Holding a QA-Focused Retrospective to Build Better Software
Is quality assurance important to your product? How about to your brand? If the answer is yes—and I hope it is—then perhaps it’s time to think about offering your QAs the spotlight at the retrospective table.
What’s the definition of a retrospective? A retrospective is a look back at past events. Only here, we’re not reviewing Bowie’s discography or the evolution of engineering. Retrospectives play a very important role in agile software development. At the end of every iteration a retrospective is held to review what worked, what didn’t, and brainstorm solutions to improve.
We know that the best work—in any industry—is done when all stakeholders feel valued, and when teams recognize the unique contributions that cross-functional perspectives bring to the table. That’s one reason including a QA spotlight in your retros, or holding a QA focused retro, offers maximum ROI for time spent.
The Benefits of a QA-Focused Retro
Include a QA spotlight in your retrospectives to:
- Solidify relationships with designers and engineers and reinforce the idea that everyone is working toward the same goal.
- Empower QA team members to understand how their specific contributions impact product launches.
- Reduce or eliminate the typical us-vs-them paradigm set up by ‘bug-count’ metrics or ‘throwing the issue over the wall’.
Hold a QA focused retrospective to:
- Surface feedback previously unavailable to development.
- Help product managers and developers to ‘un-silo’ and look at software from the Quality perspective.
- Understand product development in a practical way. QA engineers are the team members with the most practical experience in how software actually performs. They know the ins-and-outs of user experience, where ‘gotchas’ typically lie, and where and how to look for defects. In short, they’ve been there and done that in more than theory.
- Promote mindfulness and accountability—of all team members.
Tips for Running a QA-Focused Retrospective
So, you’re ready to include a QA spotlight in your retrospectives, or to hold a QA-focused retro? Fantastic! Let’s discuss a few pointers for facilitating a productive retrospective.
We know typical meetings can be boring or seen as time better spent elsewhere.

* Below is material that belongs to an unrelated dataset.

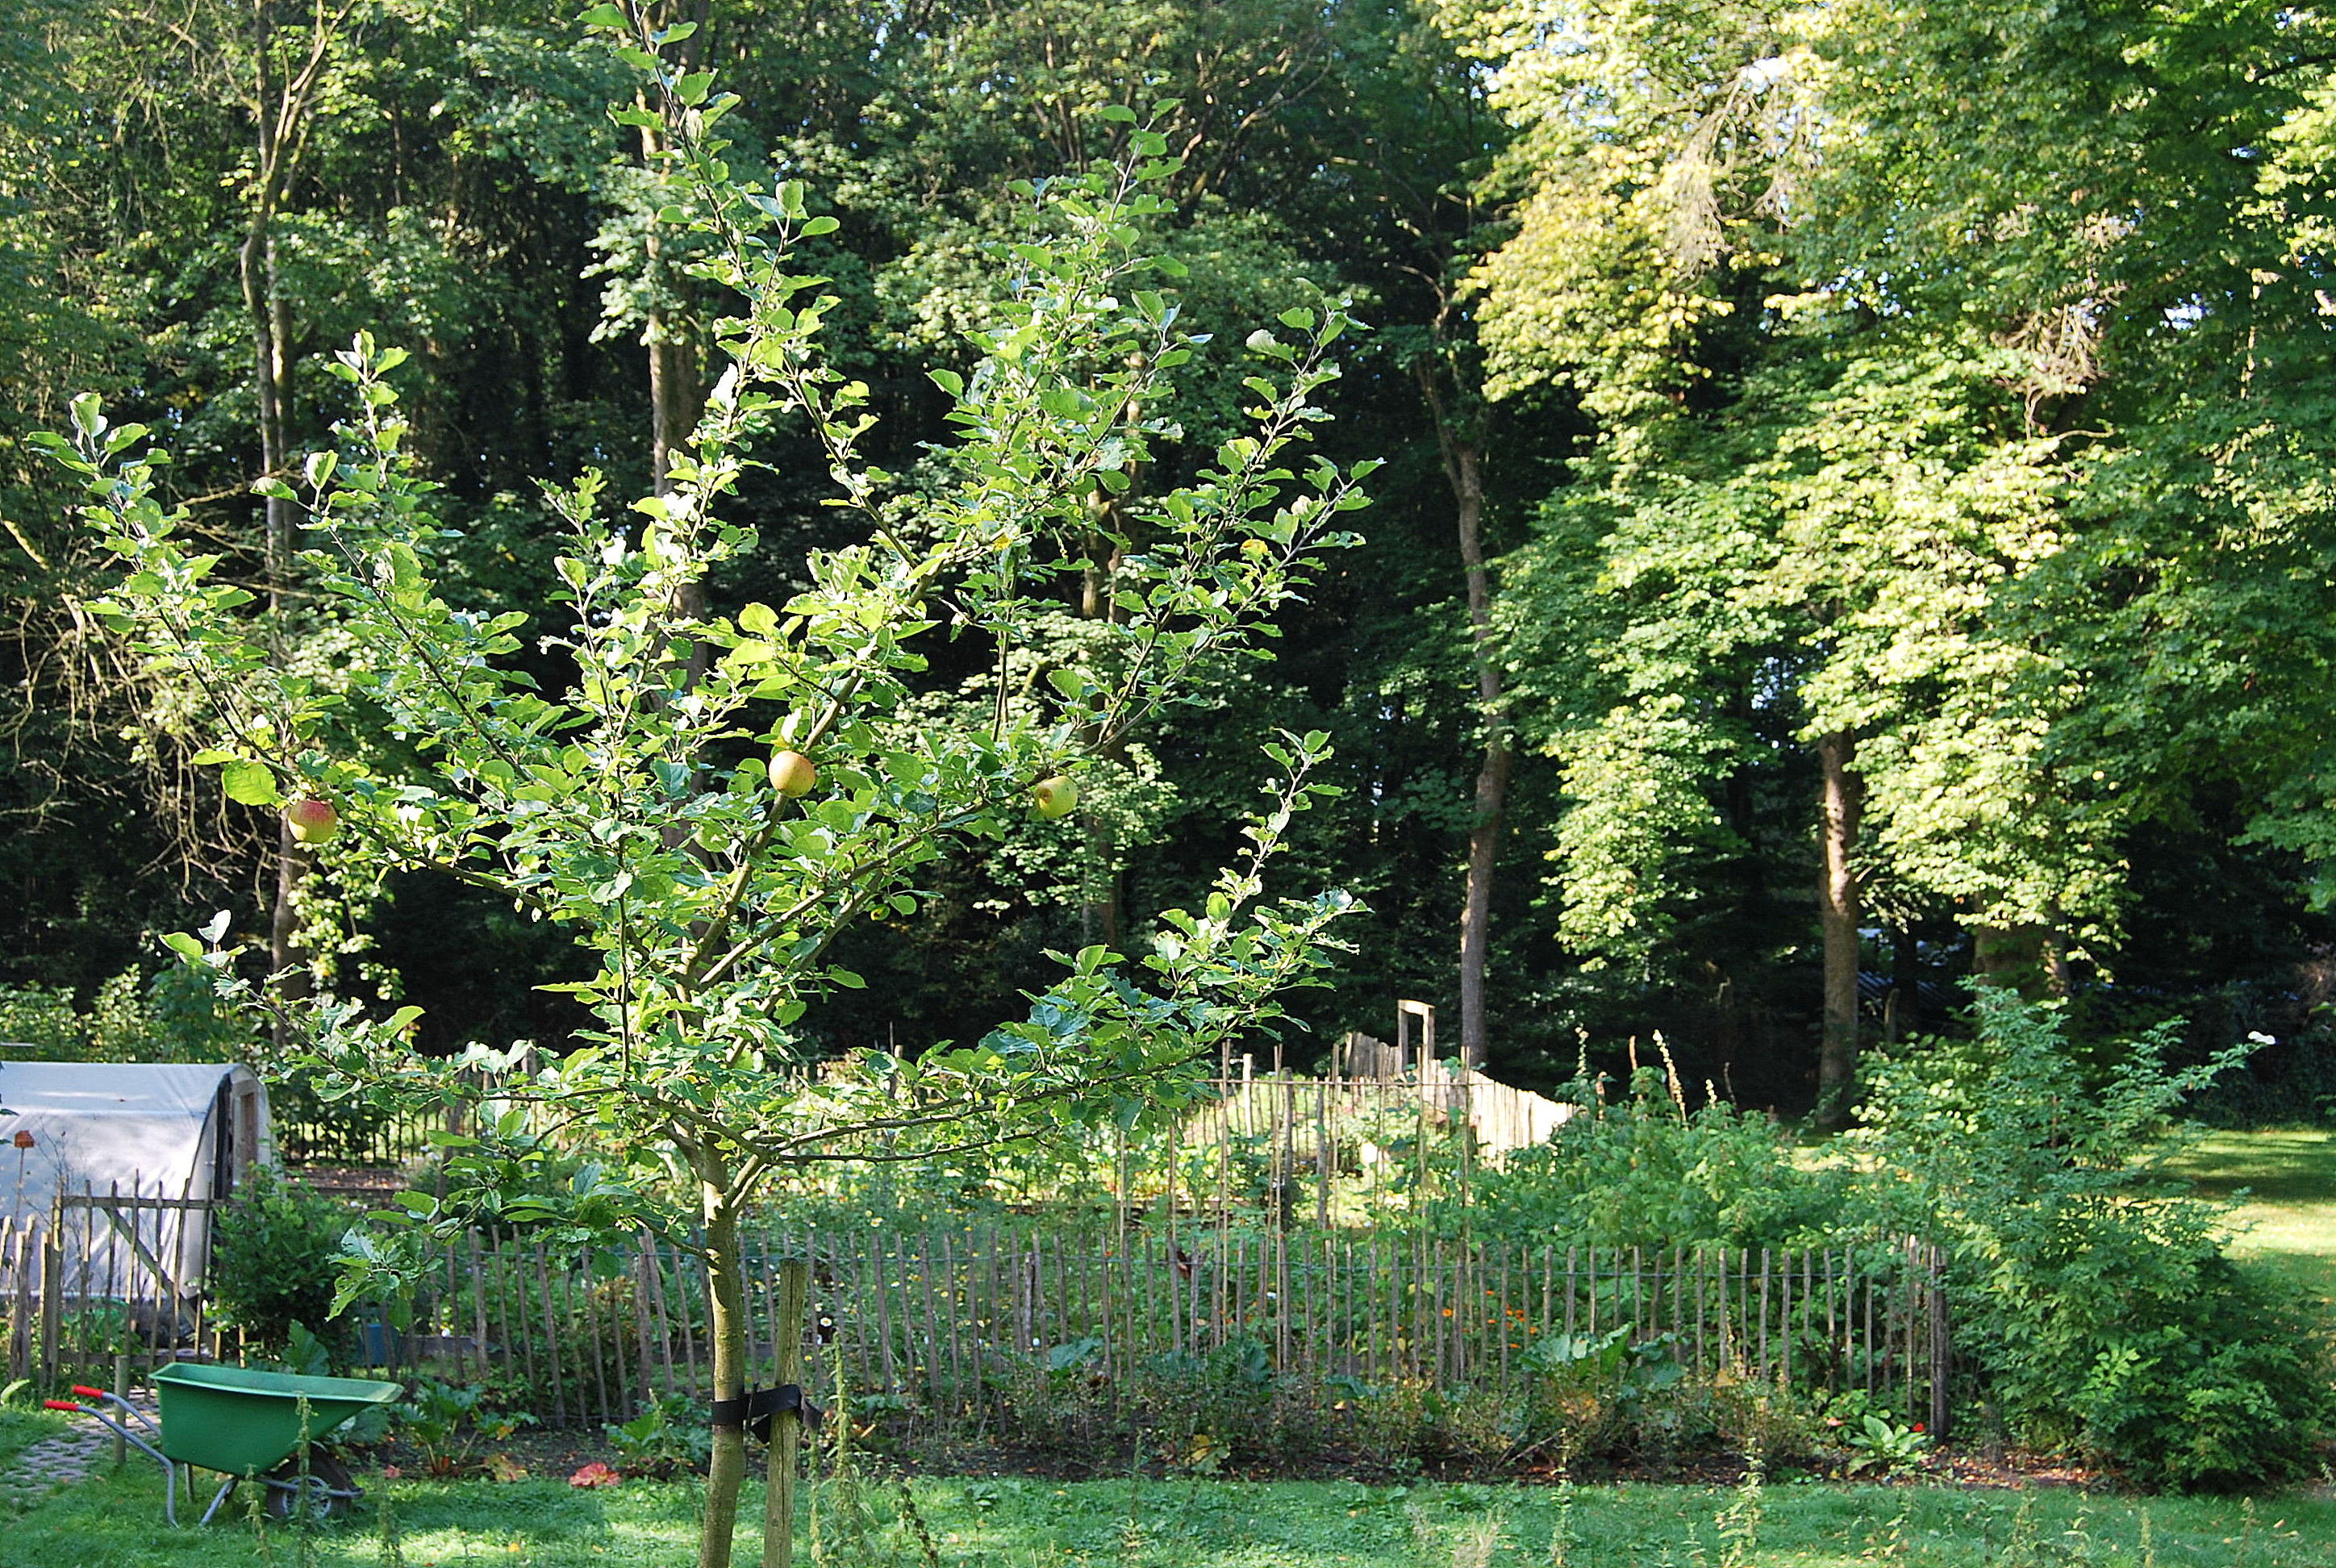 sfeerbeeld van de moestuin met op de voorgrond een boom uit de boomgaard en linksonder een kruiwagen

A retrospective is different. Here, the intent is less pontification and more a meeting of the minds. A retro isn’t a finger pointing exercise, or an audience held captive by only the most vocal team members. Rather, this is a collaborative process of thought-sharing, knowledge-broadening, and problem-solving.
General considerations:
- Everyone has a voice – don’t let the squeakiest wheel monopolize the floor
- Break up project silos when possible – the point of a retrospective is to encourage cross-functional insight and collaboration
- Always provide a safe space for all members to reflect and discuss – frame area specific roadblocks or issues as “how can we help?” rather than “whose fault is it?”
- Use activities to encourage participation – we’re human and we like to have fun
Methods and Activities to Focus A Retrospective
First, set the rules of engagement:
- Don’t make it personal; don’t take it personally.
- All opinions are valid.
- Set a retrospective boundary: is it the last sprint, quarter, or project?
- Recognize not everything can be fixed at once.
- Focus on immediate actionables and an improvement mindset.
Second, map out your retrospective game plan. Here are some ideas:
Method: Happy/Puzzled/Sad
Use this when you want to know how your teams felt, rather than what happened. This is a great way to see where silo related tensions lie, and to find out what’s really ‘bugging’ your team.
- Give teams sticky notes to jot down the things that made them happy, confused, or sad/angry. On the sticky they should briefly describe the issue then draw the corresponding smiley face. Afterwards, use a whiteboard or the wall to group stickies with the same category smiley faces and dot-vote to prioritize issues. (Hint: limit each person to three votes, and don’t allow double-dotting).
Method: Hypothesis
Use this when you want teams to collaborate on solutions. Again, ask everyone to compose one sticky note on their priority issue, then group and dot-vote. (Hint: do one 10-minute round of individual issue brainstorming, then after voting combine members into cross-functional teams to build a hypothesis. Hypothesis can then be dot-voted to provide an action step for the current retrospective).
- We hypothesize by <implementing this>
- We will <improve on this problem>
- Which will <benefits>
- As measured by <measurements>
Method: The 4Ls
Best for a longer retrospective where sufficient time can be devoted to each question. Have participants answer the following (one per sticky note) then group per category. Discuss each answer as a whole.
- What did you like?
- What was lacking?
- What did you learn?
- What do you long for going forward?
Agile Retrospective Recap
Retrospectives are a fantastic way to encourage cross-functional collaboration, understanding, and problem-solving. However, these benefits arise only when all members feel valued, and diversity of experience is appreciated. To make the most of your most valuable assets—your employees—try a QA-focused retrospective to gain valuable insight into your software development processes. Make sure that once an actionable is decided, clearly identify who is responsible for next steps. Create a Jira ticket, assign it in a Trello board, or do whatever it takes to communicate the outcome and next steps. Incremental steps lead to big strides forward!